● Materials provided:

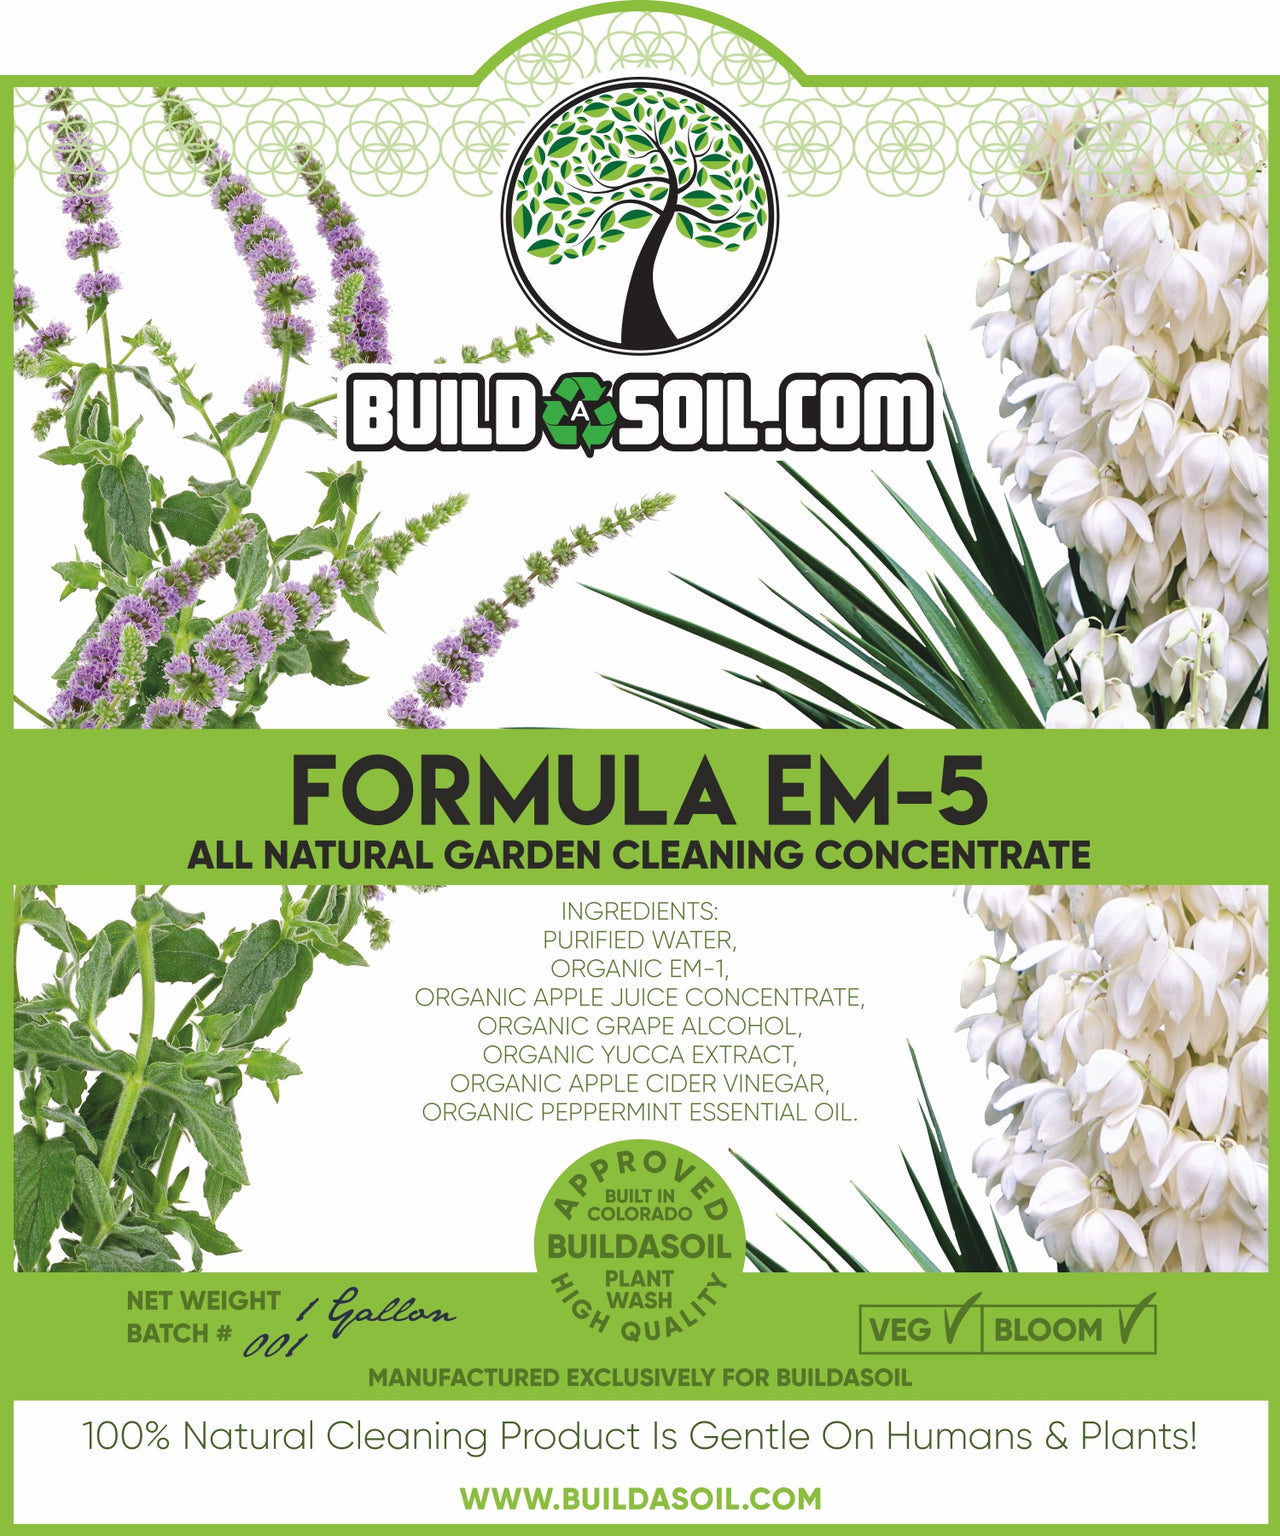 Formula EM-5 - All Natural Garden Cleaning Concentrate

* * *

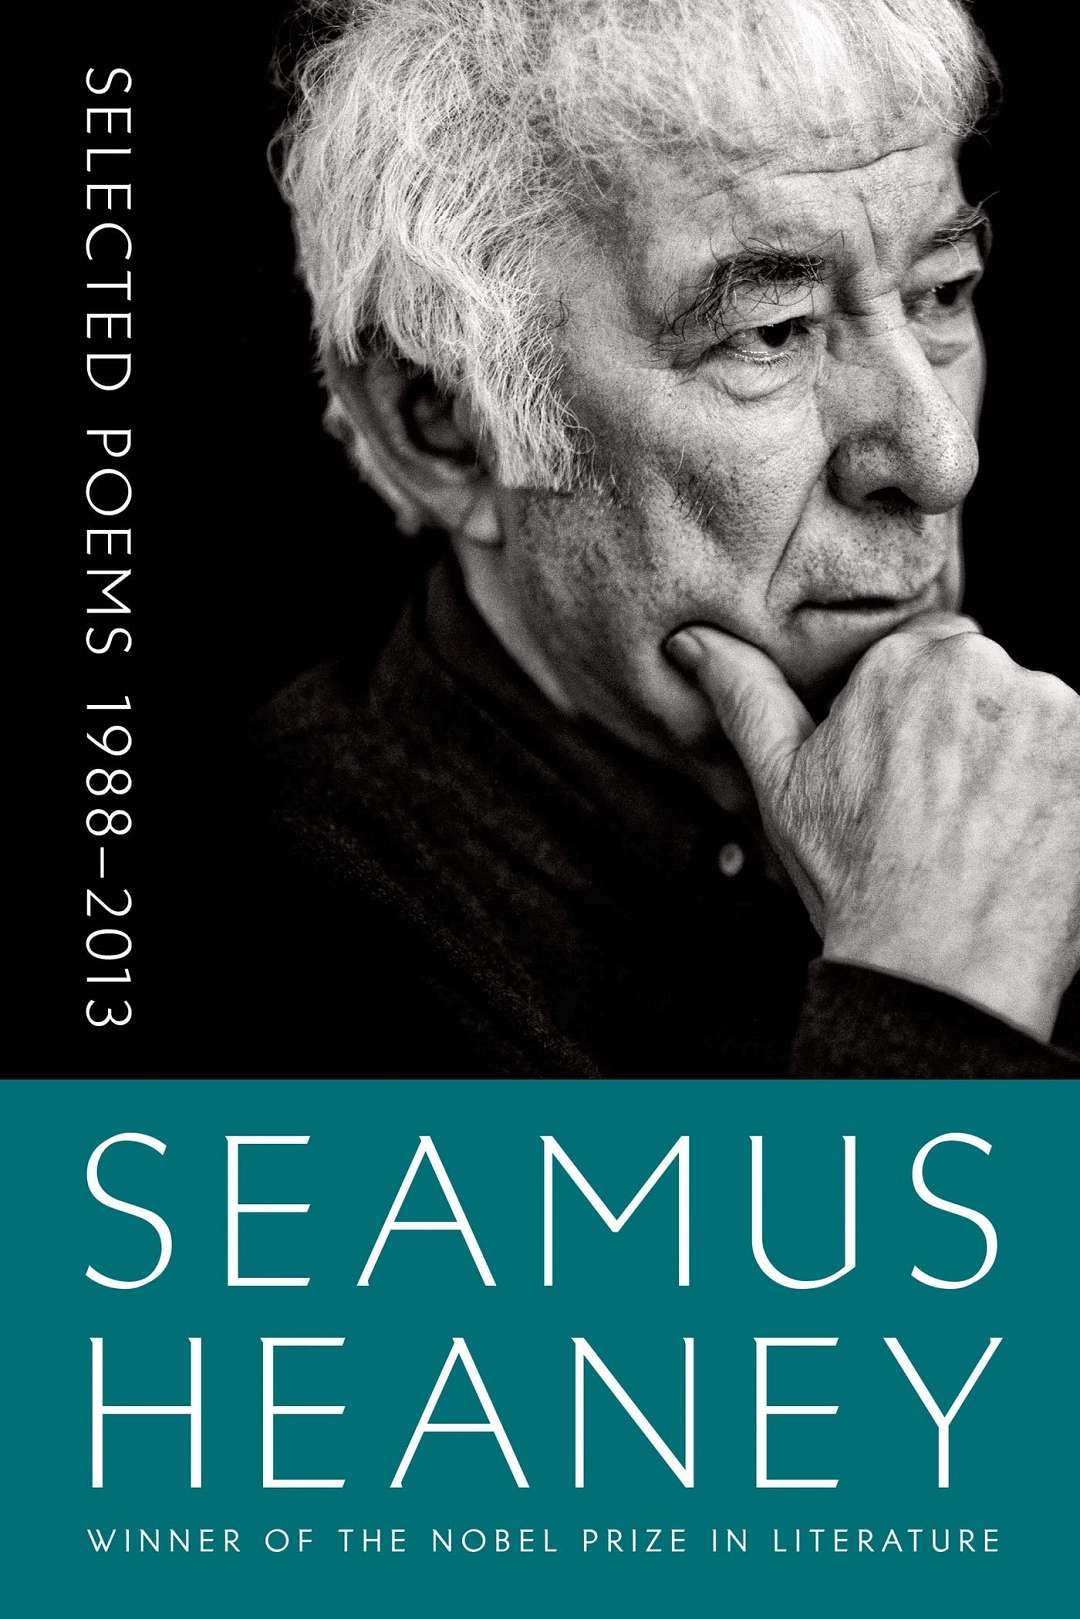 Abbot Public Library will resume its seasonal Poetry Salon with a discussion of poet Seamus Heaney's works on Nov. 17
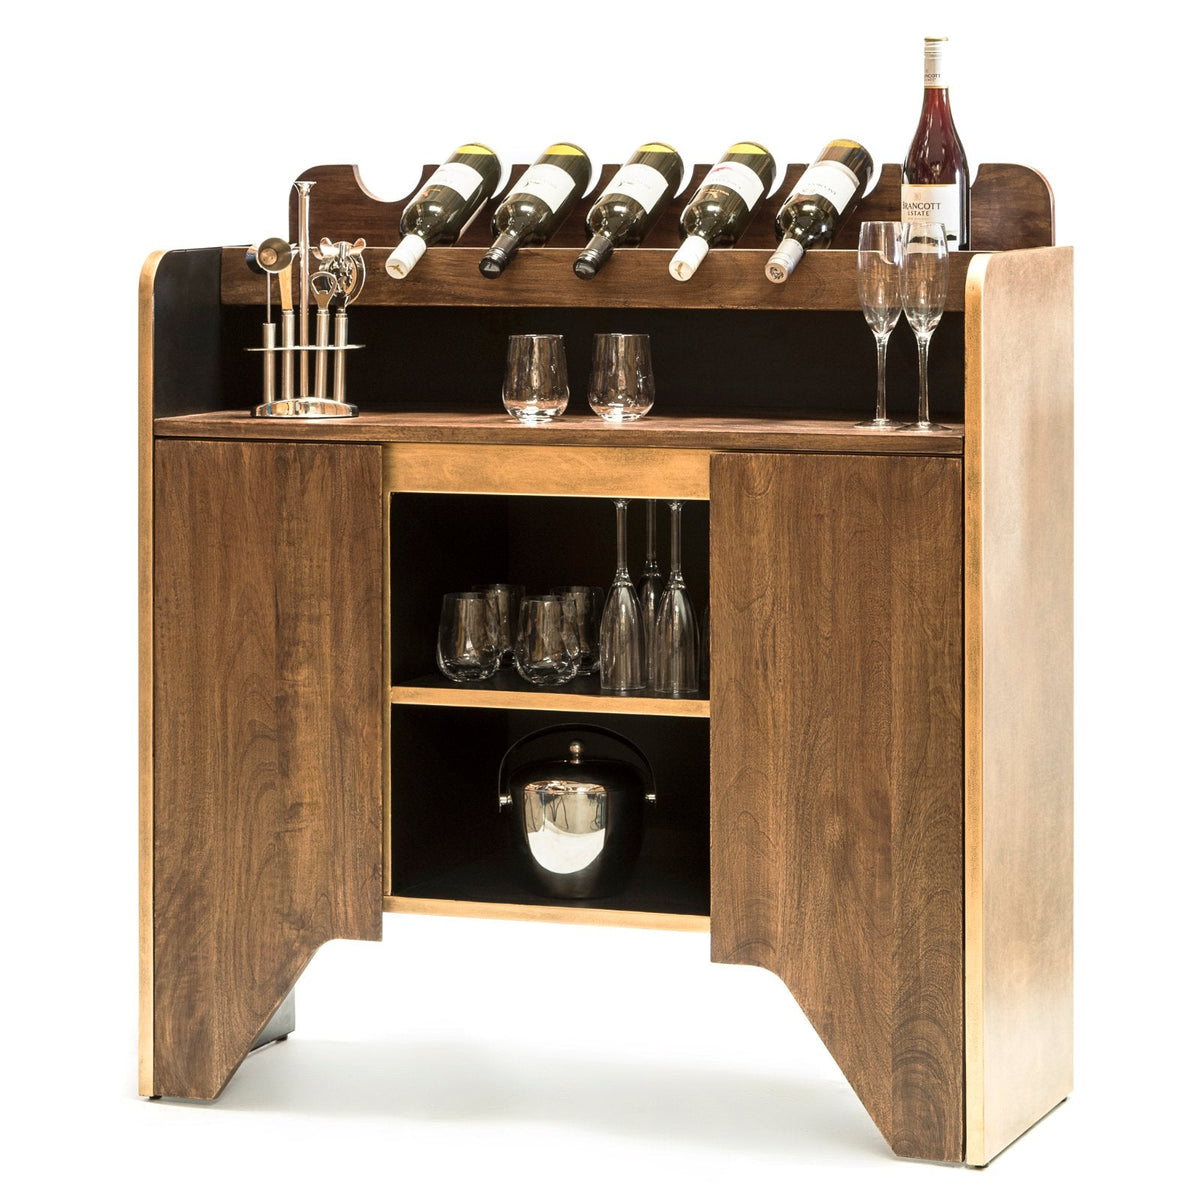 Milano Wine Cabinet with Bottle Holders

● Requirement: In the listing above, find the line with "Abbot Public Library" and the line with "Milano Wine Cabinet with Bottle Holders". Copy exactly those two and every line between, without the pictures.

● Your response:
 Abbot Public Library will resume its seasonal Poetry Salon with a discussion of poet Seamus Heaney's works on Nov. 17
 Milano Wine Cabinet with Bottle Holders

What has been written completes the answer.